2021-03-18 01:46:46 <bstorm> !log tools killed the toolschecker cron job, which had an LDAP error, and ran it again by hand
2021-03-18 01:46:50 <stashbot> Logged the message at https://wikitech.wikimedia.org/wiki/Nova_Resource:Tools/SAL
2021-03-18 03:35:36 <bstorm> !log tools rebooting tools-sgecron-01 to try to clear up the ldap-related errors coming out of it
2021-03-18 03:35:41 <stashbot> Logged the message at https://wikitech.wikimedia.org/wiki/Nova_Resource:Tools/SAL
2021-03-18 03:37:11 <bstorm> !log tools deleted a massive number of stuck jobs that misfired from the cron server
2021-03-18 03:37:13 <stashbot> Logged the message at https://wikitech.wikimedia.org/wiki/Nova_Resource:Tools/SAL
2021-03-18 03:49:30 <bstorm> !log tools restarting sssd on tools-sgegrid-master
2021-03-18 03:49:34 <stashbot> Logged the message at https://wikitech.wikimedia.org/wiki/Nova_Resource:Tools/SAL
2021-03-18 03:59:13 <bstorm> !log tools rebooting grid master. sorry for the cron spam
2021-03-18 03:59:17 <stashbot> Logged the message at https://wikitech.wikimedia.org/wiki/Nova_Resource:Tools/SAL
2021-03-18 04:12:52 <bstorm> !log tools rebooted tools-sgeexec-0935.tools.eqiad.wmflabs because it forgot how to LDAP...likely root cause of the issues tonight
2021-03-18 04:12:56 <stashbot> Logged the message at https://wikitech.wikimedia.org/wiki/Nova_Resource:Tools/SAL
2021-03-18 06:43:12 <Majavah> https://wiki.debian.org/DebianStretch says that Stretch should be on kernel 4.9, but somehow I have deployment-ms-be[05-06] on stretch and kernel .19 which is causing some issues with swift, any ideas how this happened? :/
2021-03-18 09:56:28 <arturo> Majavah: no, sorry :-(
2021-03-18 10:28:34 <Majavah> arturo: sll stretch wmcs vms I checked are on 4.19 for some reason, I guess I'll have to work around this specific issue, looks like it should be as simple as changing a condition on a puppet manifest
2021-03-18 10:37:30 <arturo> Majavah: I'm not familiar with why that happened. Maybe open a phab task and ask for clarification from other deployment-prep admins?

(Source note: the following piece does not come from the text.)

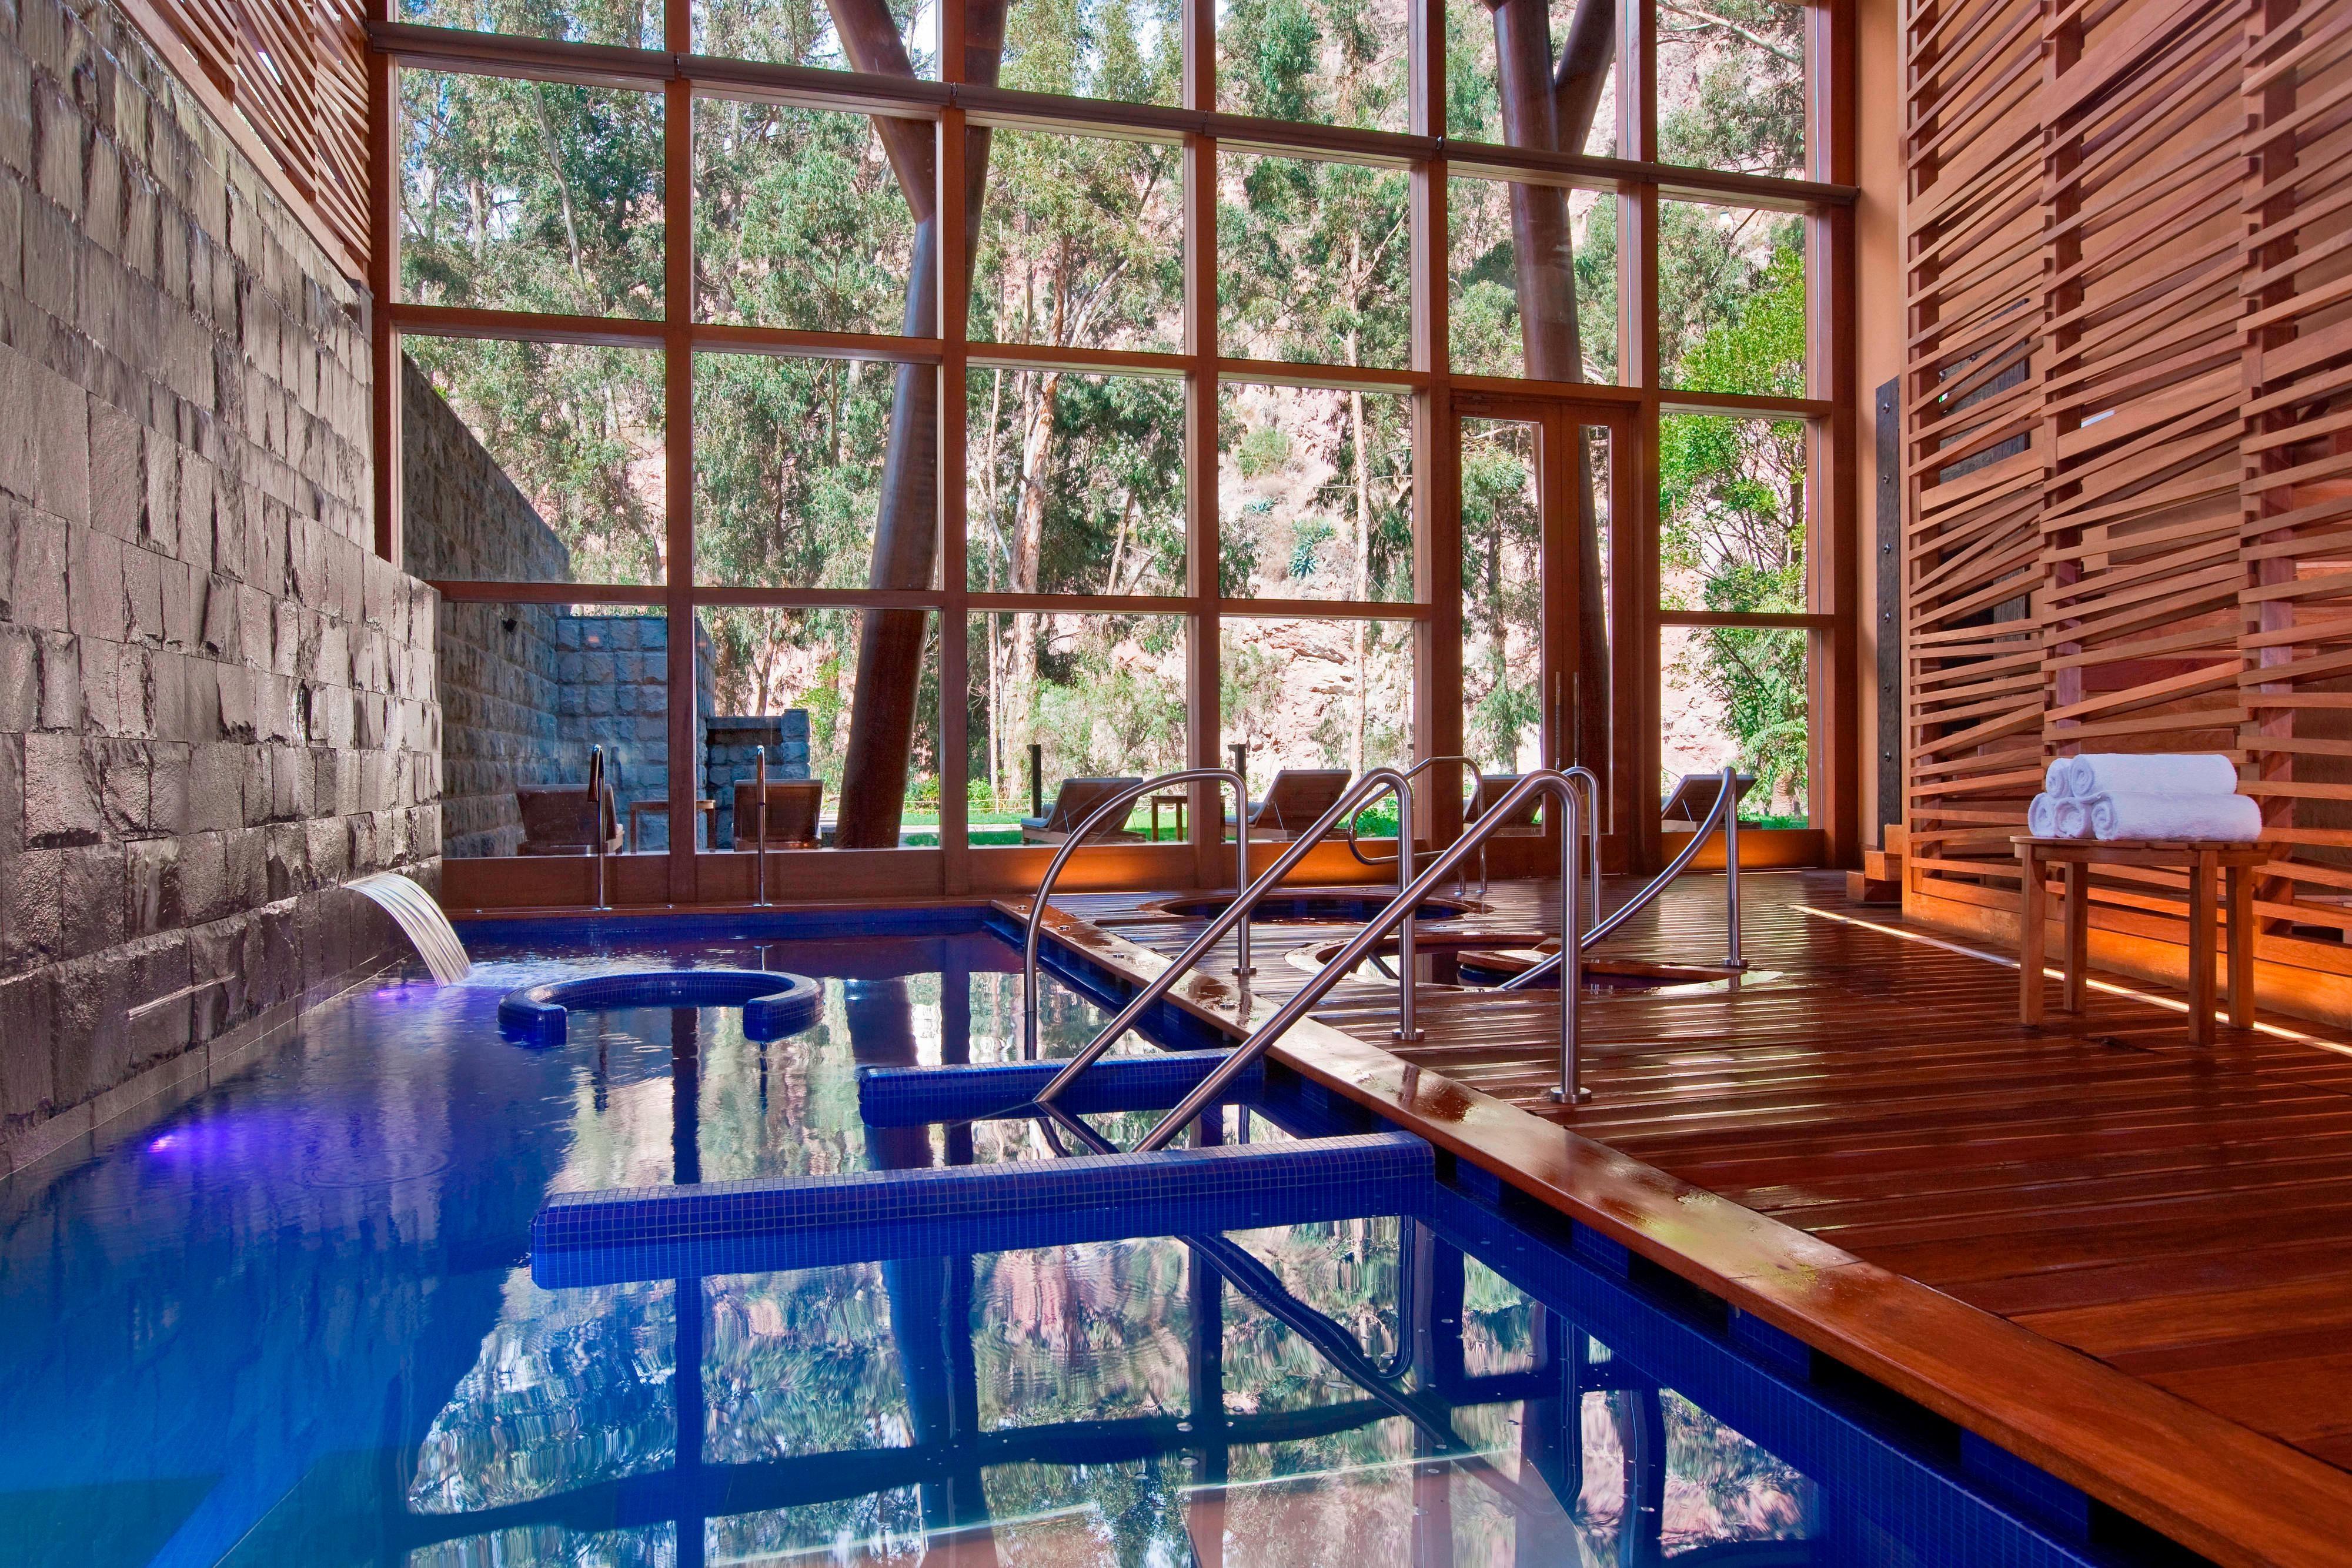 The Spa at Tambo del Inka - water circuit

2021-03-18 10:46:24 <Majavah> arturo: it's not limited to deployment-prep, everything I checked on toolforge (bastion and a random sgeexec node) and the generic bastions are on 4.19, so I'm suspecting it's either some cloud-vps automatic update or in the base images itself
2021-03-18 10:46:56 <Majavah> it can be worked around, just curious why cloud vps uses a different kernel than production on the same distro. should I still open a task, and where? cloud-vps and wmcs-kanban?

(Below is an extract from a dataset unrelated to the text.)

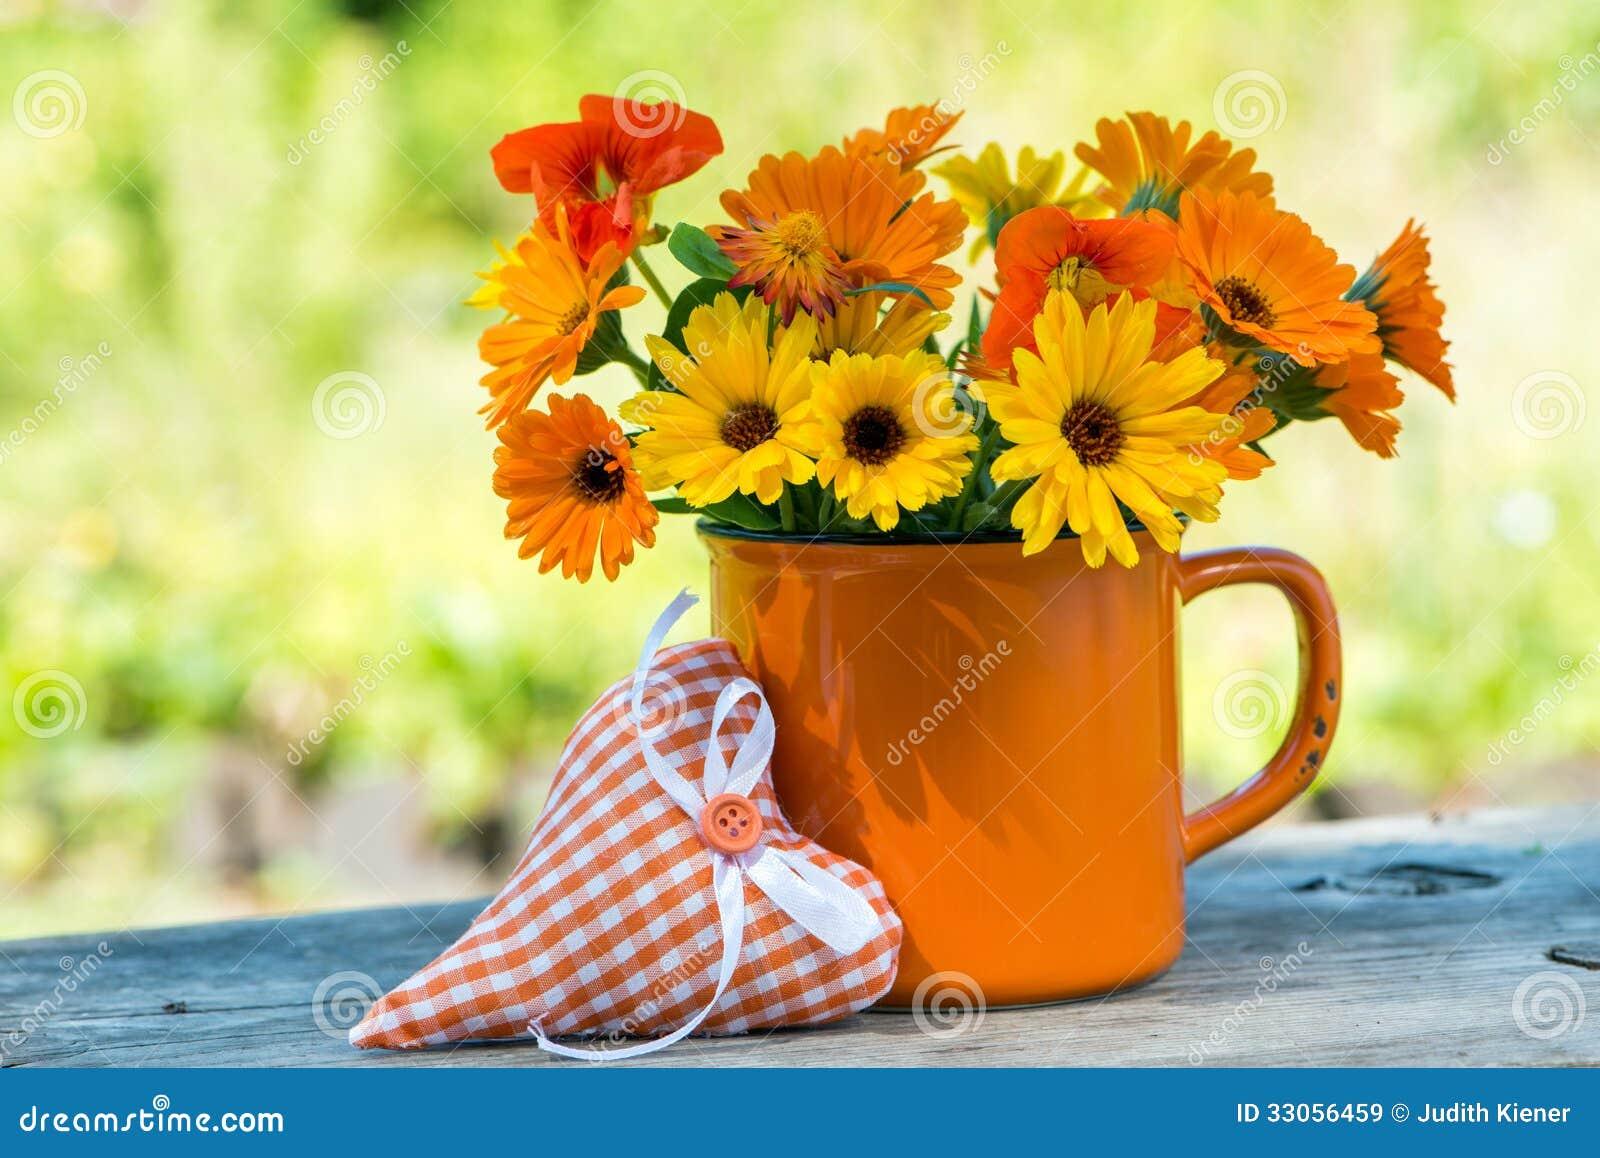 """Résultat de recherche d'images pour """"fleurs d'été"""""""

2021-03-18 10:49:00 <arturo> Majavah: I see stretch-backports has 4.19.118-2+deb10u1~bpo9+1, so perhaps the VMs are using a backported kernel?
2021-03-18 10:50:59 <arturo> Majavah: does this helps?
2021-03-18 10:51:01 <arturo> https://www.irccloud.com/pastebin/M2XfZh2I/
2021-03-18 10:51:32 <dcaro> maybe https://gerrit.wikimedia.org/r/plugins/gitiles/operations/puppet/+/refs/heads/production/modules/profile/manifests/wmcs/instance.pp#77 ?
2021-03-18 10:51:46 <Majavah> arturo: Installed: 4.9+80+deb9u13
2021-03-18 10:51:52 <Majavah> now I'm just more confused
2021-03-18 10:52:12 <arturo> the interesting commands are the last 2
2021-03-18 10:52:48 <arturo> Majavah:
2021-03-18 10:52:51 <arturo> https://www.irccloud.com/pastebin/LasFZpcY/
2021-03-18 10:53:08 <arturo> somehow a backported kernel ended up in the stretch security repository
2021-03-18 10:53:40 <Majavah> https://paste.toolforge.org/view/173d16d8
2021-03-18 10:55:04 <Majavah> dcaro: I guess that's where the repo comes, I just thought each package would need to have been pulled from backports manually
2021-03-18 10:55:08 <arturo> Majavah: yeah, same: backported kernel in the security repository
2021-03-18 10:55:54 <dcaro> https://www.debian.org/security/2021/dsa-4843 ?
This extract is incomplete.